20Hieran gemessen liegen, wovon das Verwaltungsgericht zutreffend ausgegangen ist, die Voraussetzungen für die streitgegenständliche Zwangsgeldfestsetzung in der Ordnungsverfügung der Antragsgegnerin vom 8.8.2019 nicht vor. Der Antragsteller hat nicht gegen Ziffer 1 lit. e) der bestandskräftigen Ordnungsverfügung vom 7.1.2019 verstoßen, mit der ihm aufgegeben wurde um- und durchzusetzen, dass weder den mit der Geschäftsführung betrauten Personen, dem Personal noch den Gästen in den Räumen der Gaststätte Tabakprodukte zum Verbrauch zur Verfügung gestellt werden. Ein Konsum von Tabakprodukten in Räumen der Gaststätte im Sinne von § 1 Abs. 1 Satz 1 NiSchG NRW war am 4.8.2019 nicht festgestellt worden. Ausweislich des Einsatzberichts der Antragsgegnerin vom 4.8.2019 befanden sich im Innenraum der Betriebsstätte keine Gäste. In dem in der Ordnungsverfügung der Antragsgegnerin angenommenen Konsum von in Shishas befindlichem Tabak in im Innenhof aufgestellten Zelten lag kein Konsum von Tabakprodukten in sonstigen vollständig umschlossenen Räumen der Gaststätte. Diese Zelte, in denen insgesamt ca. 100 Personen Platz finden konnten, waren sämtlich nicht vollständig umschlossen. Bereits im Einsatzbericht der Antragsgegnerin heißt es, die Zelte seien zum Teil nur an einer Seite geöffnet. Nach den im Verwaltungsvorgang der Antragsgegnerin enthaltenen Lichtbildern waren sämtliche Zelte jedenfalls zu einer Seite vollständig geöffnet, weil die Zelte an dieser Seite nicht über eine Wand verfügten und auch nicht unmittelbar an eine solche grenzten. Die miteinander verbundenen beiden „Partyzelte“ waren wenigstens an einer Seite zur Hälfte, an der anderen Seite vollständig geöffnet. Ob bei einigen der „Beduinenzelte“ die zum Schließen der Öffnung erforderlichen Stoffbahnen zumindest teilweise seitlich an den Eckpfeilern gehangen haben bzw. aufgerollt waren, ist unerheblich. Selbst wenn die Öffnung nur temporär gewesen wäre und jederzeit hätte geschlossen werden können, fehlte es zum Zeitpunkt der Kontrolle auch hier an einer seitlichen Begrenzungswand als notwendiger Voraussetzung für einen vollständig umschlossenen Raum. Eine Wand, in der – was für die Annahme eines vollständig umschlossenen Raums unschädlich gewesen wäre – lediglich eine Öffnung, etwa in Form eines geöffneten Fensters oder einer geöffneten Tür gewesen wäre, war jedenfalls zu einer Seite bei sämtlichen Zelten nicht mehr vorhanden.

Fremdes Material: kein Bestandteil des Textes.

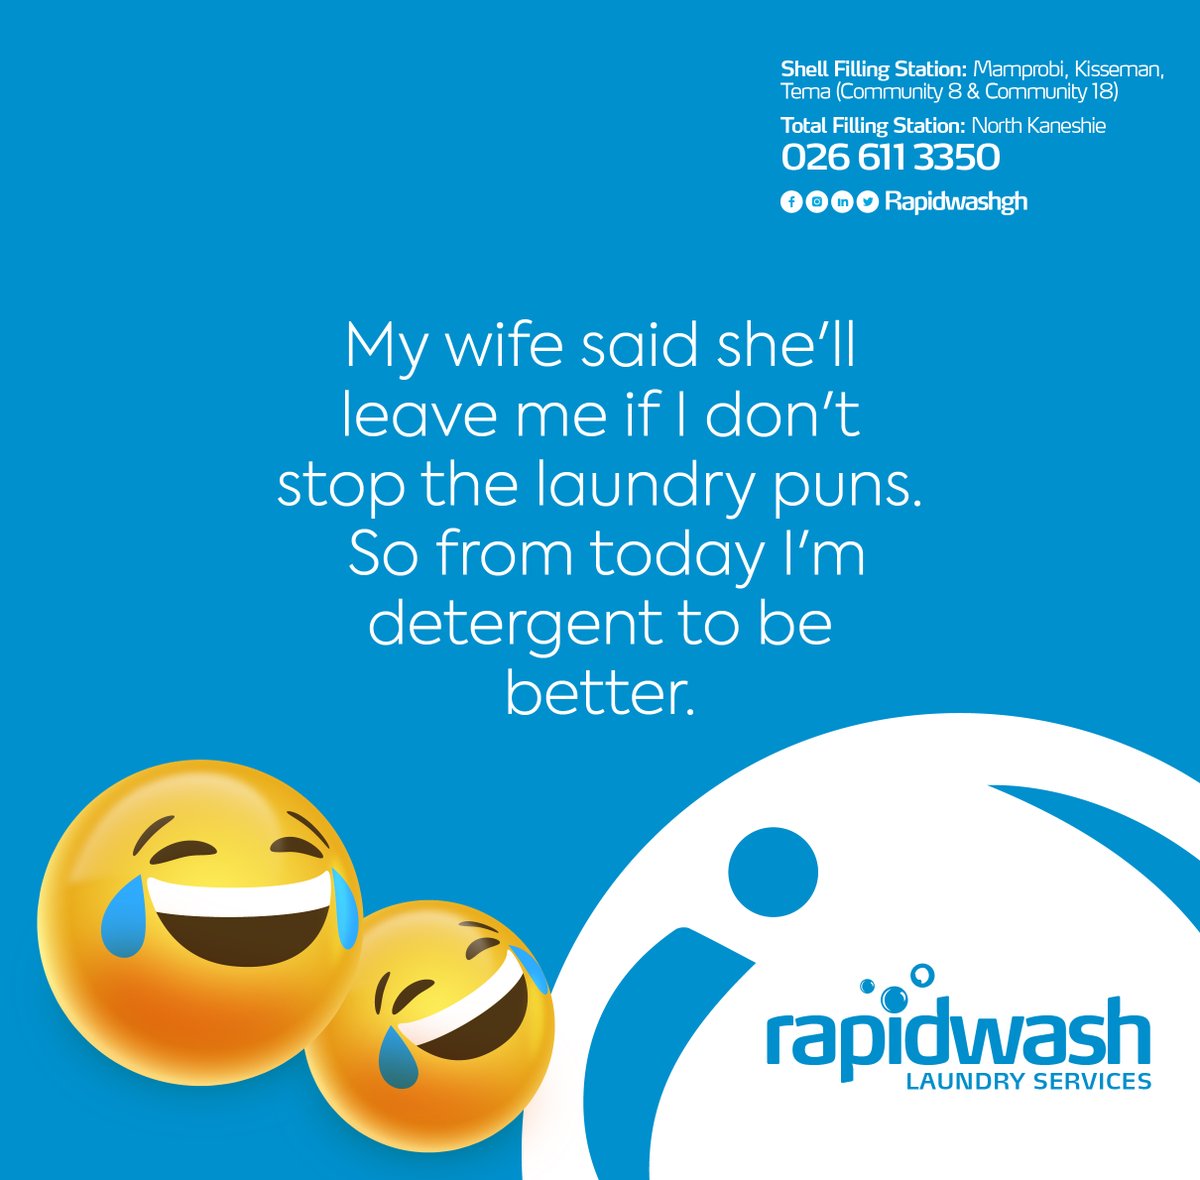 Wednesdays call for a little bit of puns to lighten up a busy week😂🤣

#Rapidwashgh #washmoreworryless #shellfillingstation #totalfillingstation #ghana #laundryservice #wednesdayvibes #affordable #convenient #nearyou

21Die Kostenentscheidung folgt aus § 154 Abs. 2 VwGO.
22Die Streitwertfestsetzung beruht auf den §§ 39 Abs. 1, 47 Abs. 1, 53 Abs. 2 Nr. 2 und 52 Abs. 1 GKG.
23Dieser Beschluss ist nach § 152 Abs. 1 VwGO, § 68 Abs. 1 Satz 5 i. V. m. § 66 Abs. 3 Satz 3 GKG unanfechtbar.